This morning, the news that the Bank of
England is issuing a new five pound note reduced me to despair.
Unreasonable, I know. But when Churchill replaces Elizabeth Fry, we
will be left with no woman currently honoured on a British bank note
– apart from the Queen. Who is of course a woman, not a very well-disguised twelve foot lizard. But she's only
there through a freak accident of hormones and history: not on merit.
Over Easter, me and my husband were in
the North East, doing initial research for a new show, Story Hunt.
It's a walking tour of invisible things: buildings that are no longer
there, people dead and gone, events and stories that in some cases
changed the fabric of the nation's history – but left no visible
trace. We spent several days in each of three towns, talking to
local historians, reading books in libraries, walking the streets,
and asking for memories in marketplaces. And in each place, we would
put together our initial findings, look at them, and say, 'we need
to find more women'. The stories we found first were always about men. The women we had to dig for.
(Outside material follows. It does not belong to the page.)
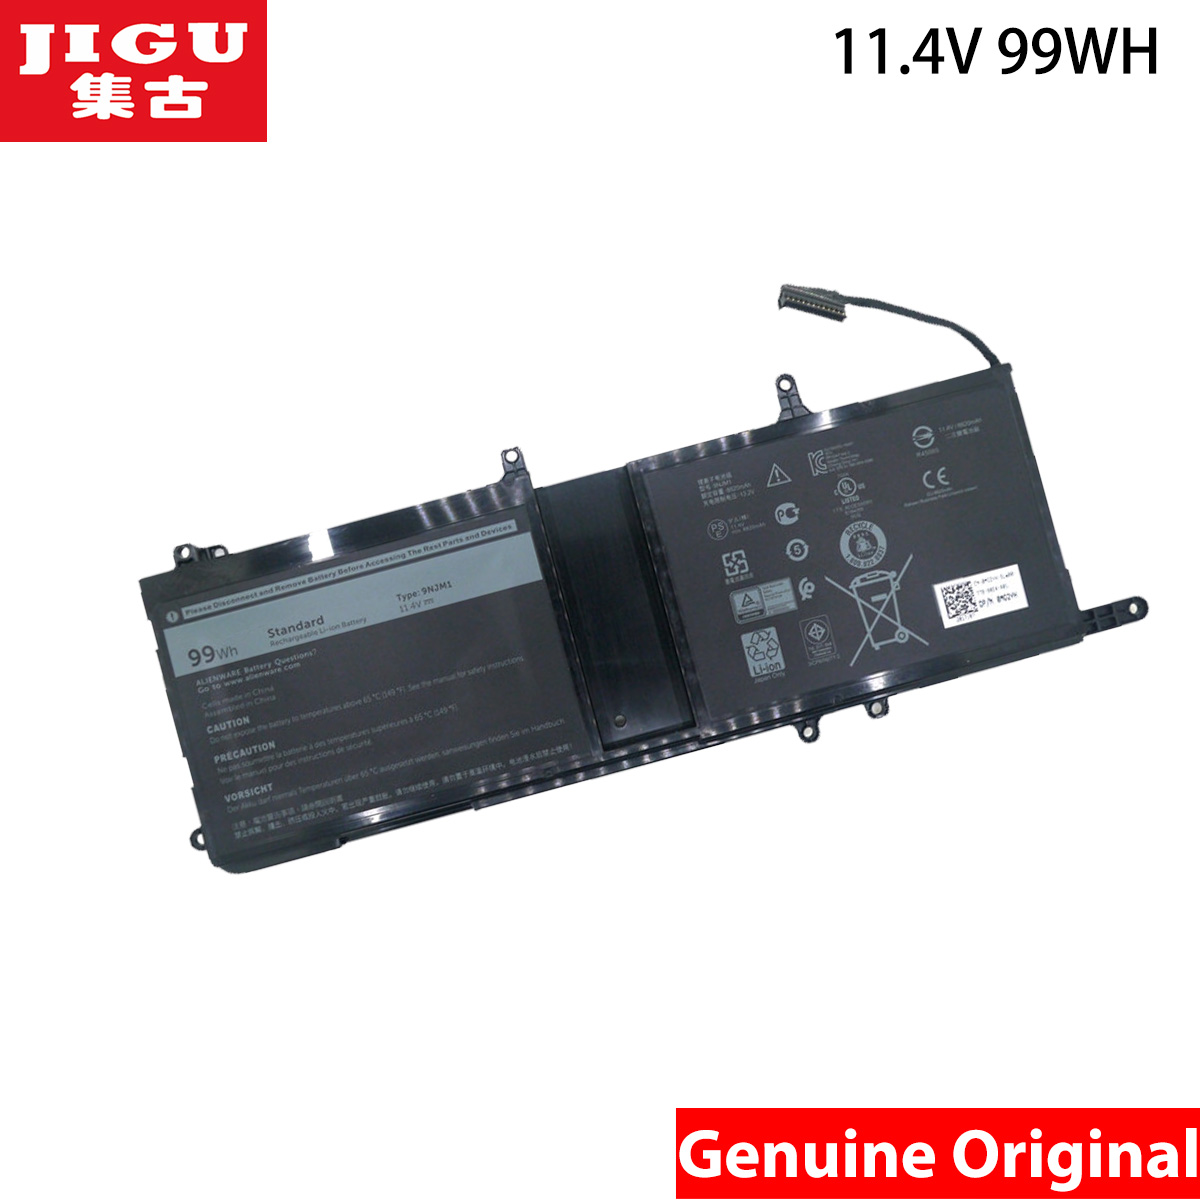 JIGU 11.4V 99WH Original 01D82 9NJM1 MG2YH Laptop Battery For Dell Alienware 17 R4 ALW17C-D1738 ALW17C-D1748 D1758 D1848 D2358 hot sale replacement laptop battery for dell alienware 15 r3 alienware 17 r4 0546ff 0hf250 44t2r 9njm1 hf250 mg2yh
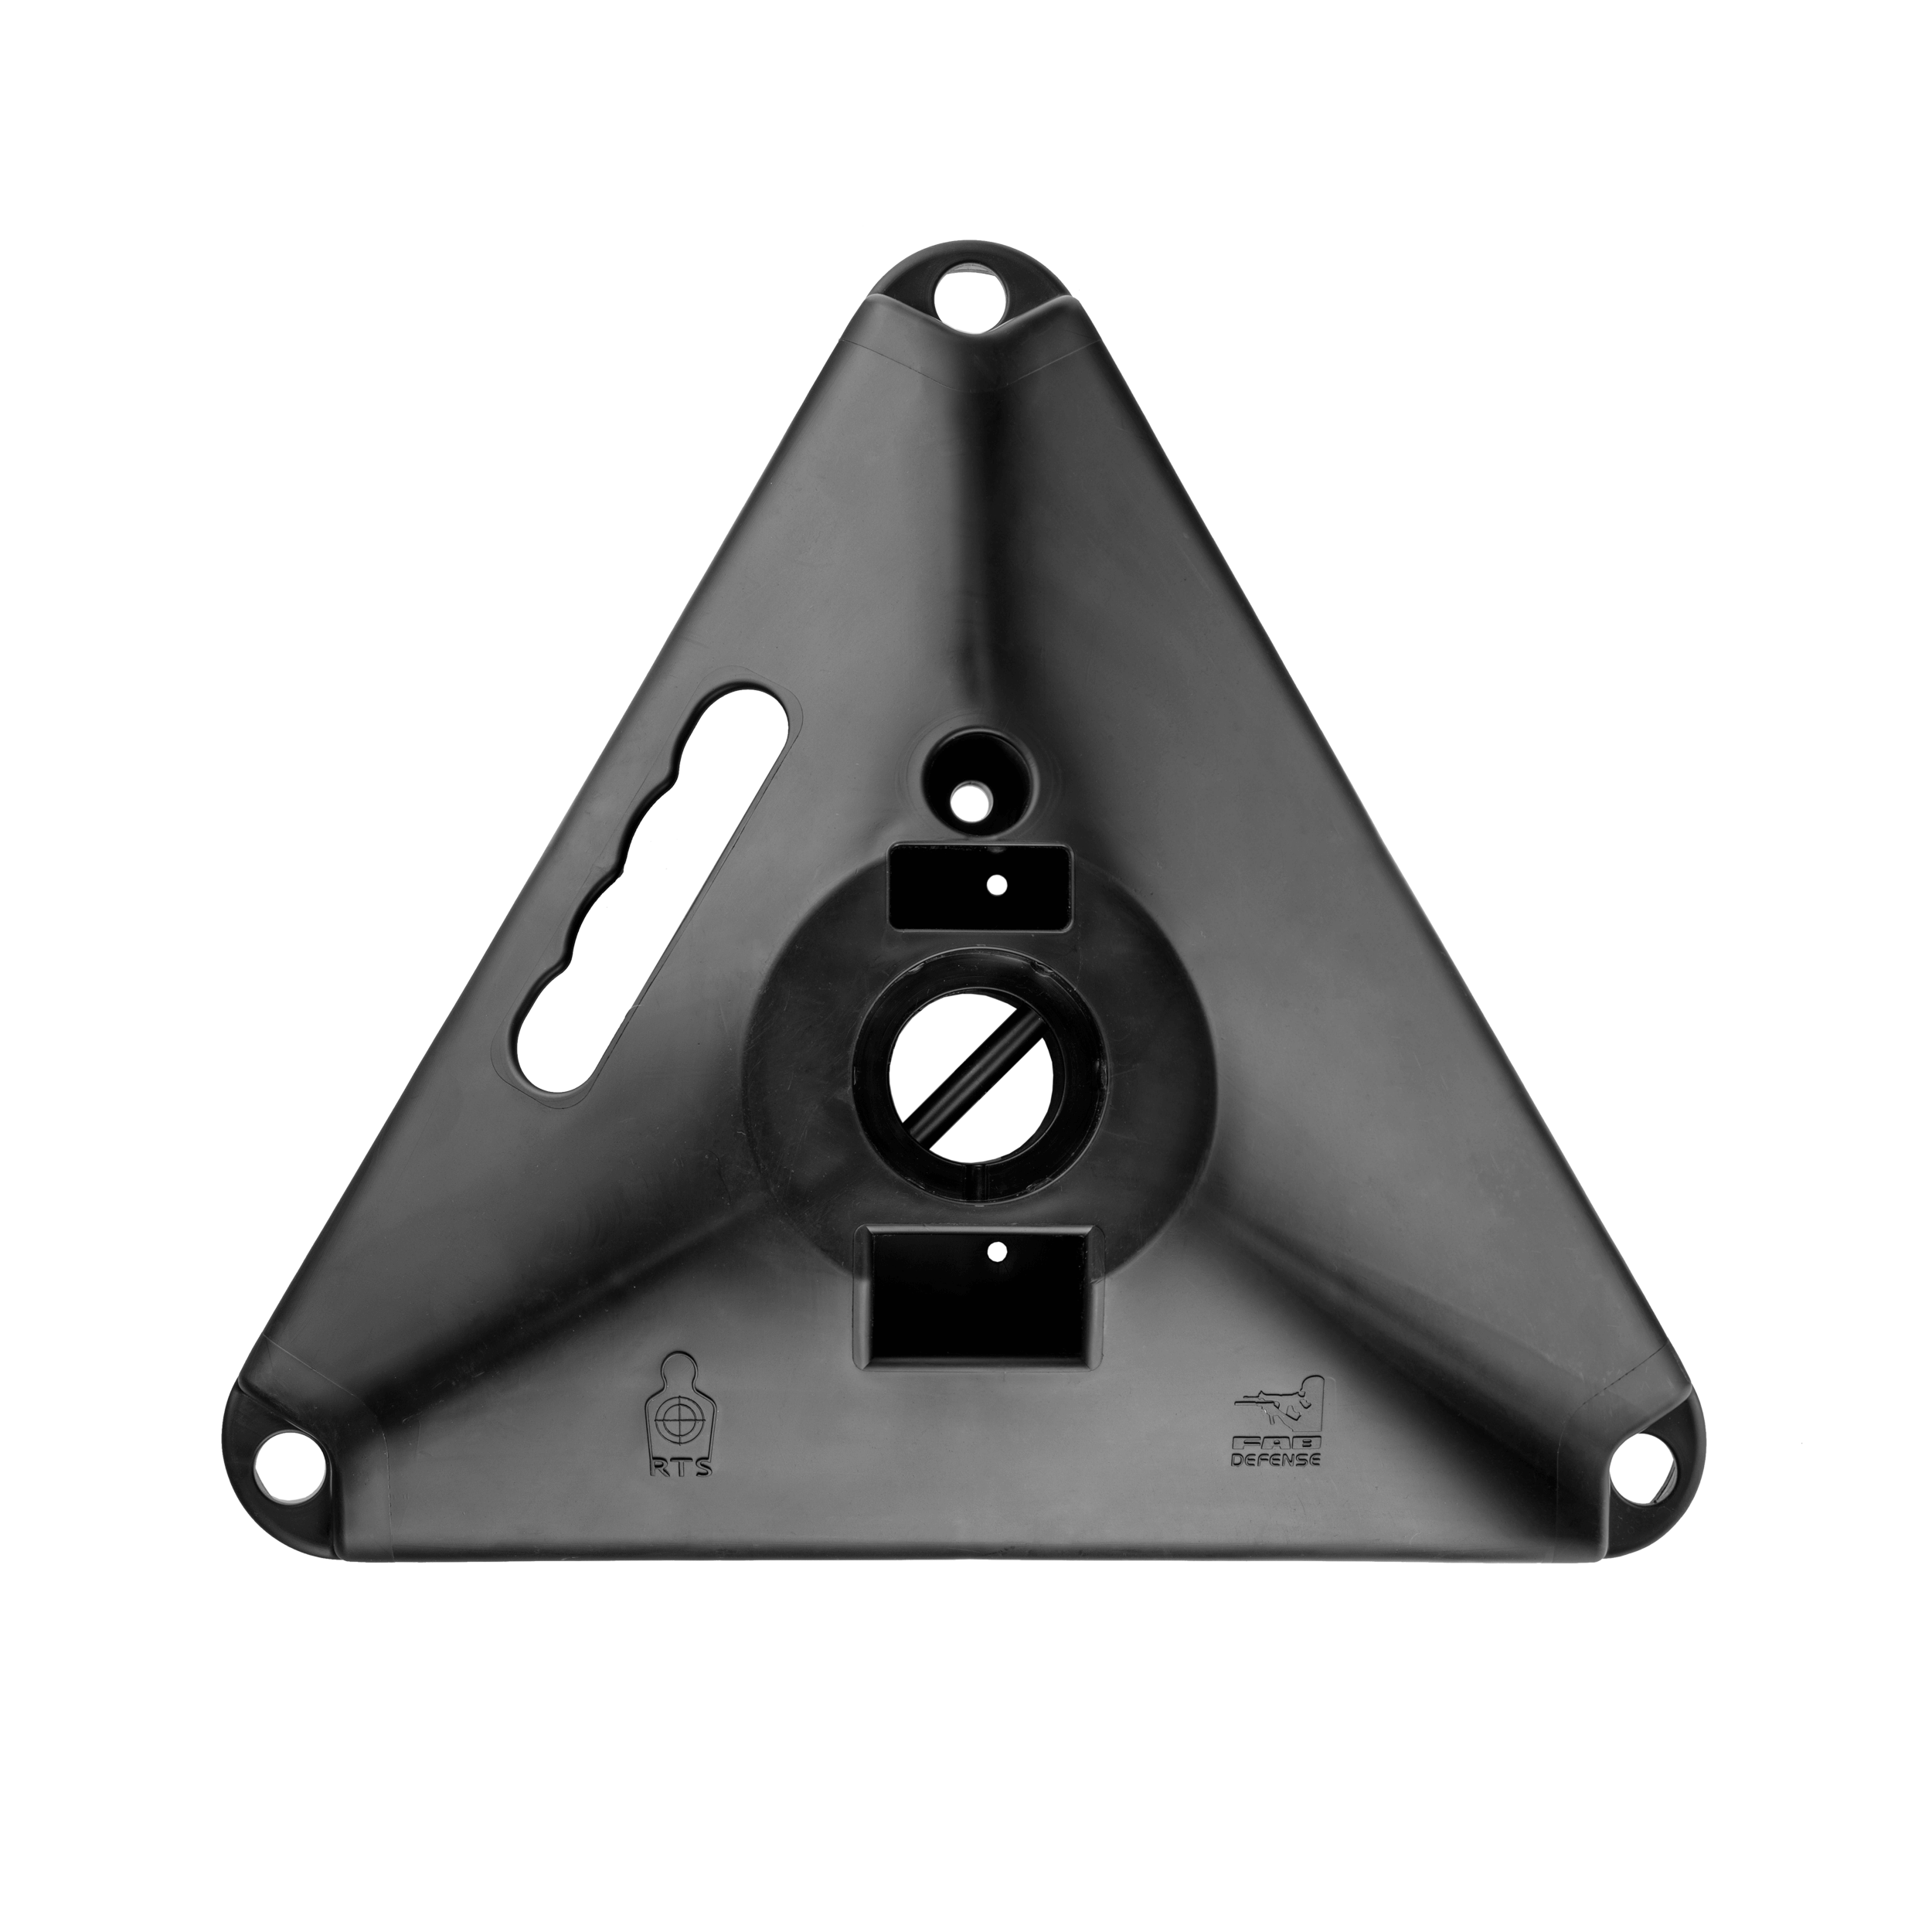 Target Base (no plate)

I'm studying part-time for a Masters in
Early Modern History. I sat in a seminar the other day where my
fellow students bemoaned the Henry VIII phenomenon: the fact that
public knowledge of the period 1500-1800 basically boils down to
that bloke and his six wives. Personally, I don't see why historians mind so
much. Whether you think Anne Boleyn was a husband-stealing witch or an intelligent woman working to Protestantise
the nation, at least you can name her.
Name me a non-royal woman from that
period.
I always wanted to have kids. I
haven't, yet. And I'm starting to realise something that disturbs
me. Sorry if you find this distasteful, but to have kids feels like
giving in. Like failing.
I mean, there are loads of reasons not
to have kids: finance and time and climate change and my pathetically low pain threshold and how boring
small babies are and the startling rage induced in me by lack of
sleep and the fact that my selfish genes are doing rather well via eight nephews and nieces, thanks very much. But those are the logical
reasons. The illogical one, the feeling that actually stops me, is
that then I'll disappear.
Because you're not strictly a woman
until you've had kids. I mean, you're a sexual object and you probably shouldn't have any authority over men and you're obviously incapable of reading maps – but you've not undertaken the most important job a woman will ever do, so clearly you're not quite a
woman yet.
And so, in some dark corner of my
subconscious, I'm avoiding it. Because who the fuck would want to be
a woman? What have they ever done?
There are one hundred and seventy-one
names on the Bank of England's list of people who have been suggested
to go on our bank notes. Twenty-four of them are women: for every
one woman on the list, there are about six men. Sixteen of the
people on the list have been used on a bank note: two were women.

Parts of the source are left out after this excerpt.